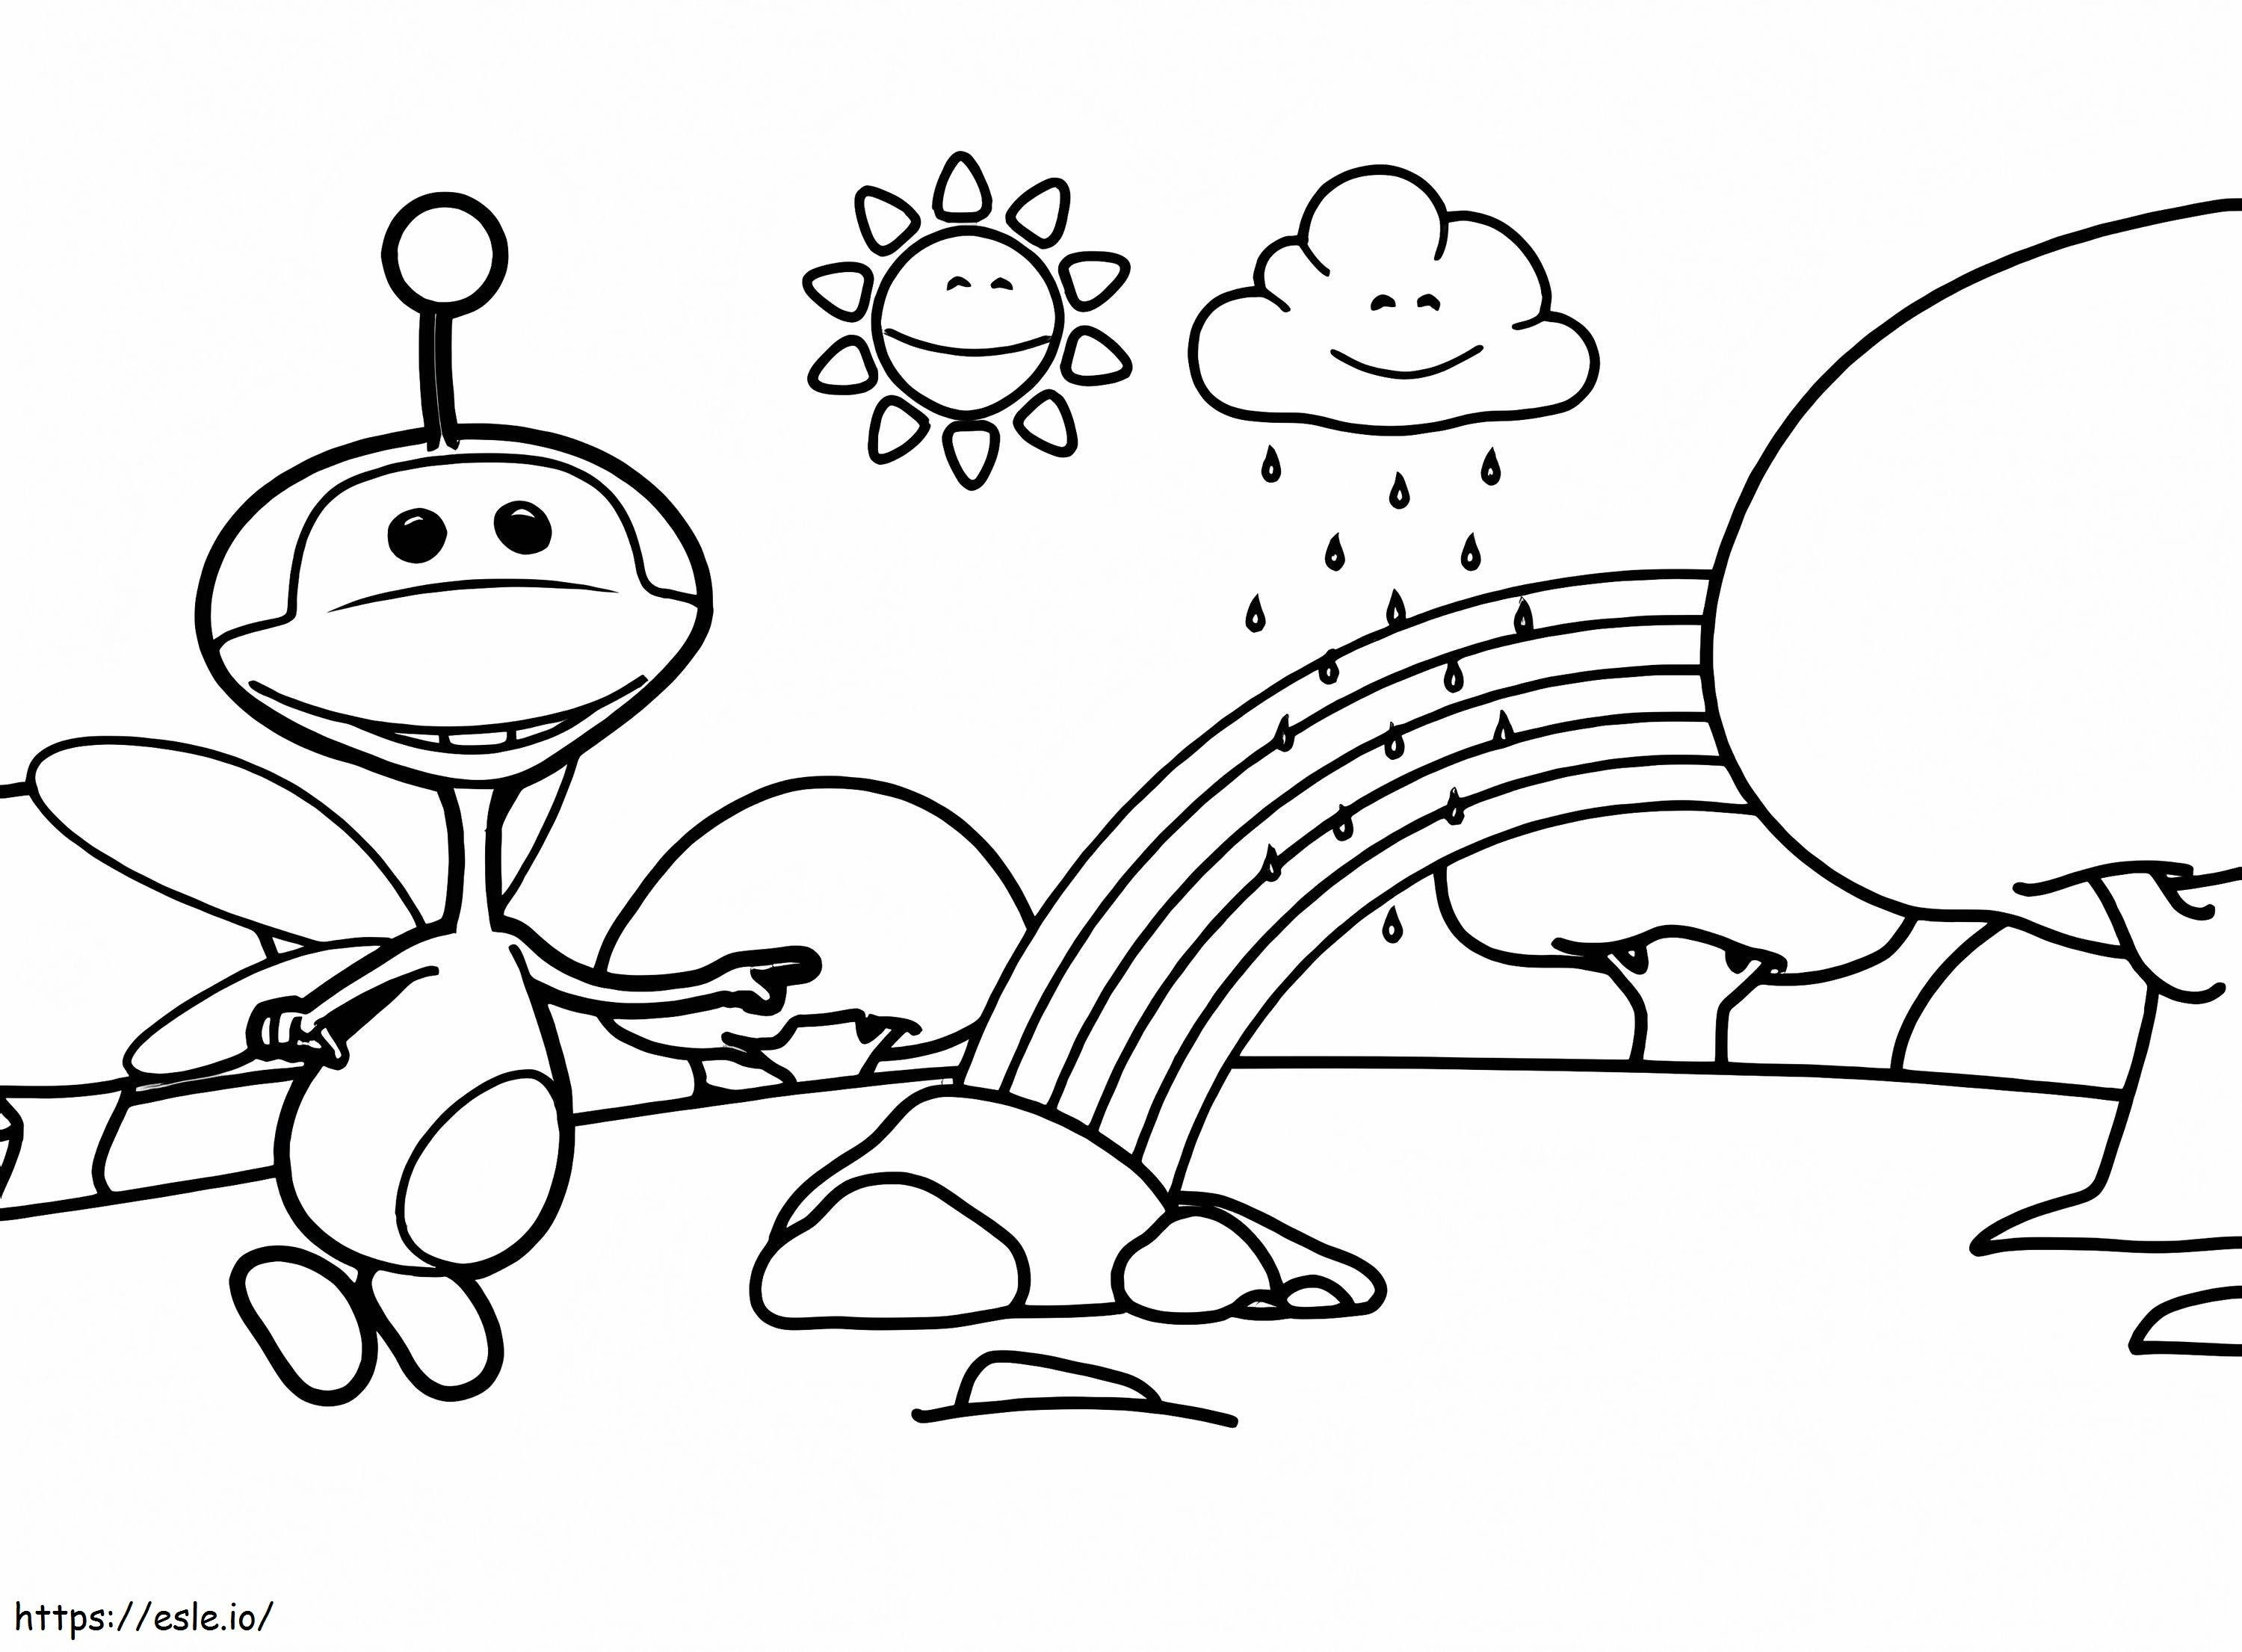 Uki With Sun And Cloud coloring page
--
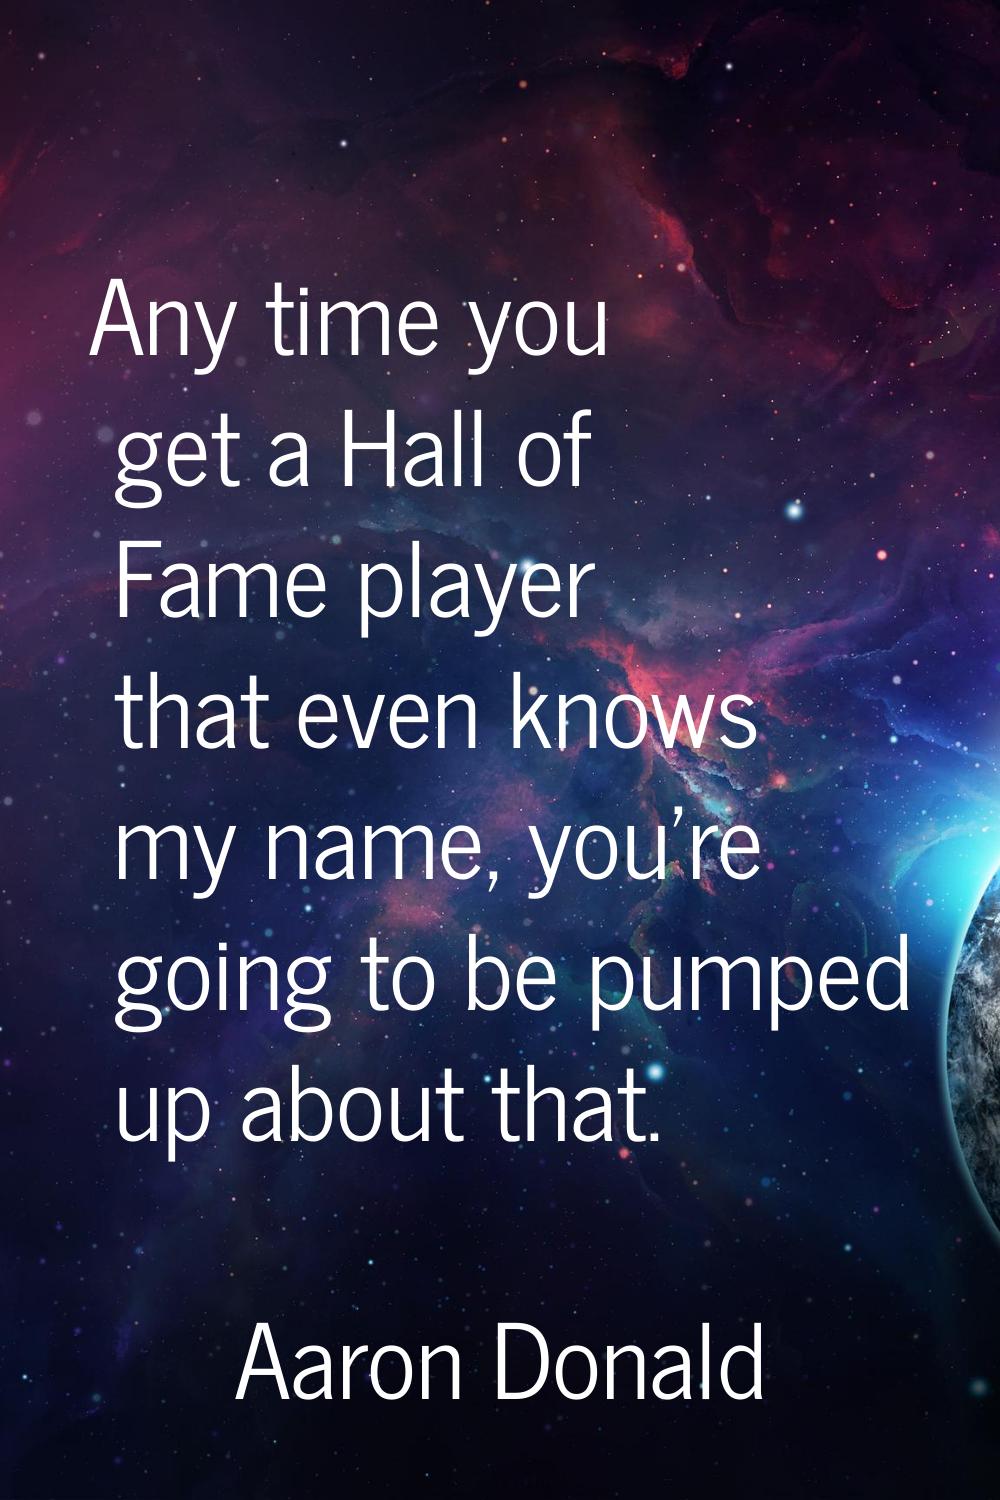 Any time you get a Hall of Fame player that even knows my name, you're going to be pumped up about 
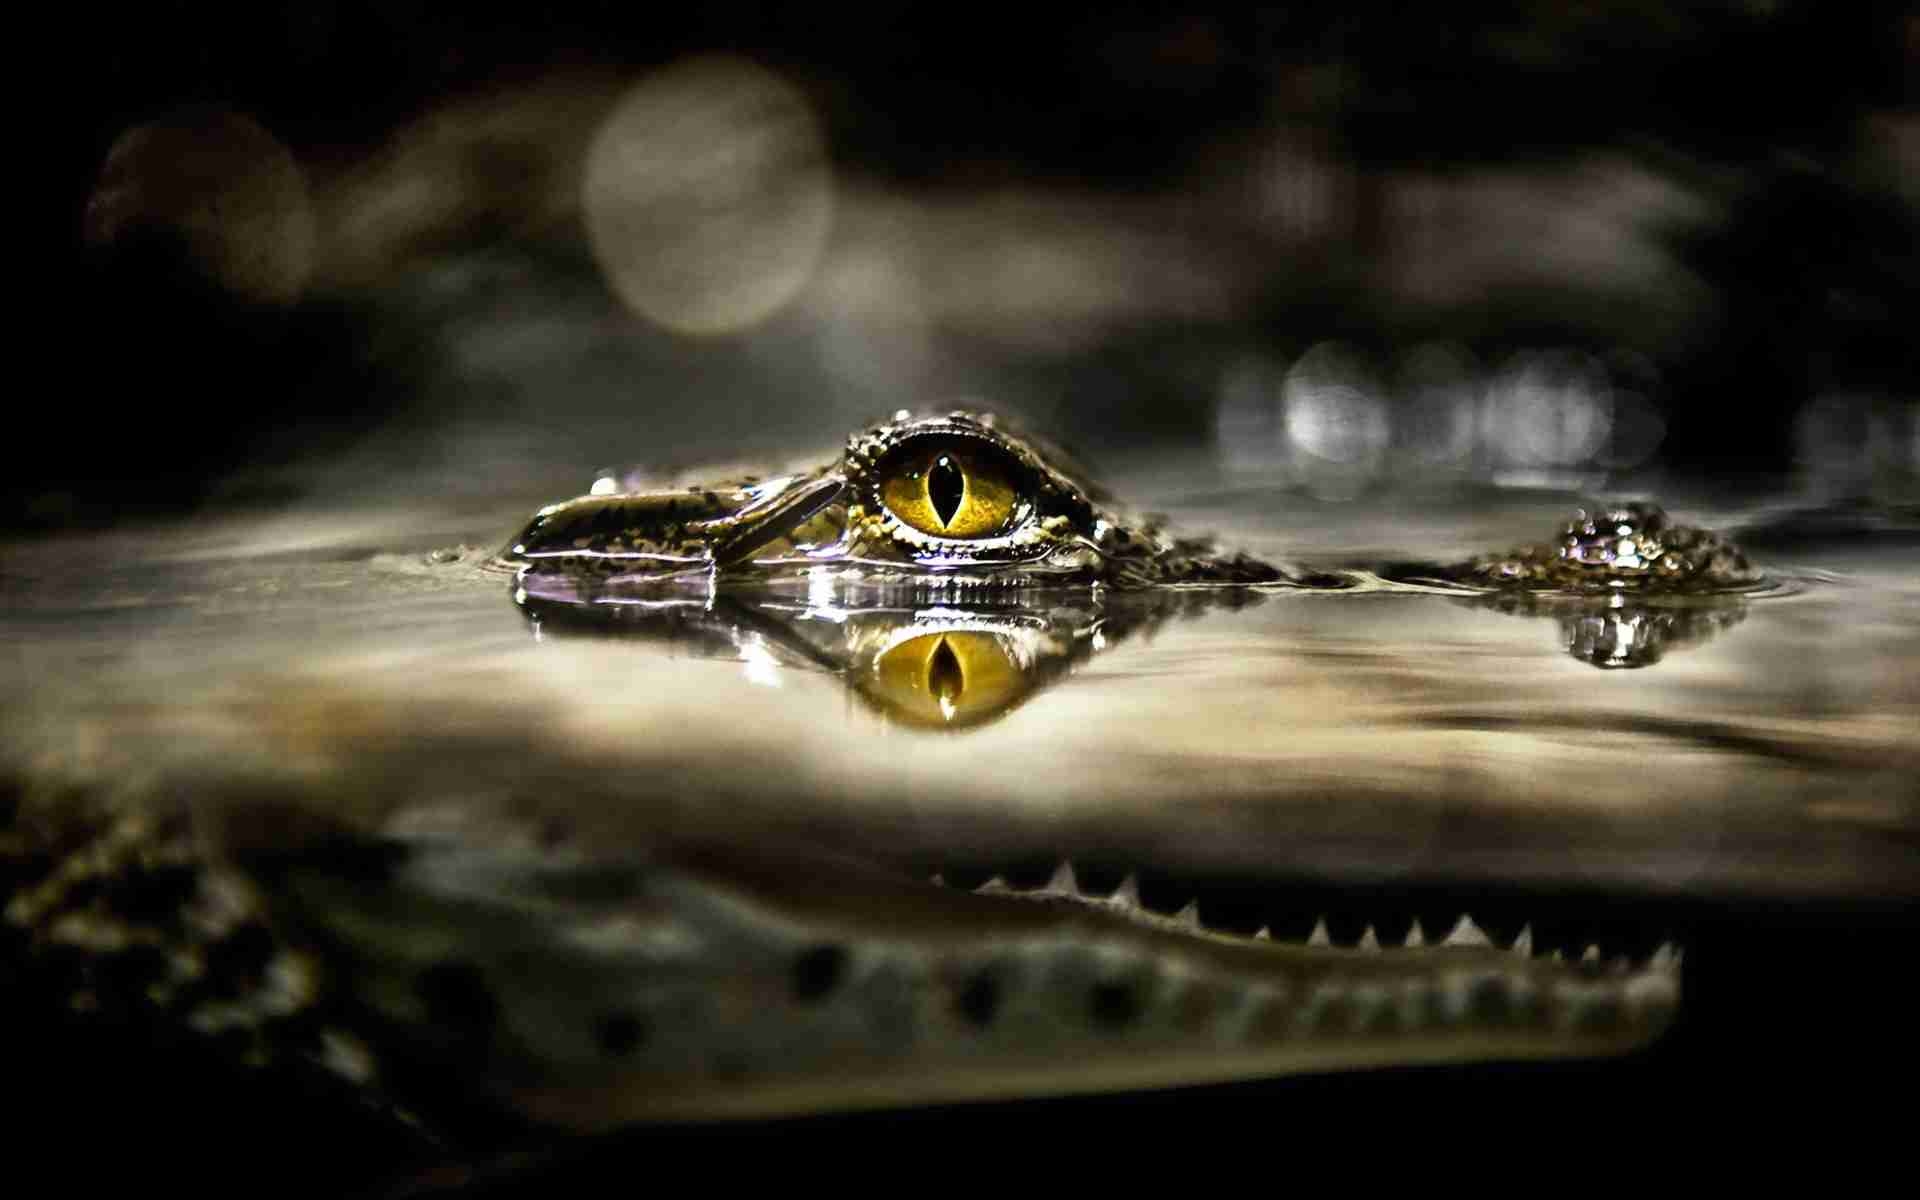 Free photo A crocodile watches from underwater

REQUIREMENT
What's needed is an exact copy of the lines above from the one with "Any time you" through the one with "Free photo A", both included; the pictures stay out.

RESPONSE FOR THIS EXERCISE
 Any time you get a Hall of Fame player that even knows my name, you're going to be pumped up about 
 Free photo A crocodile watches from underwater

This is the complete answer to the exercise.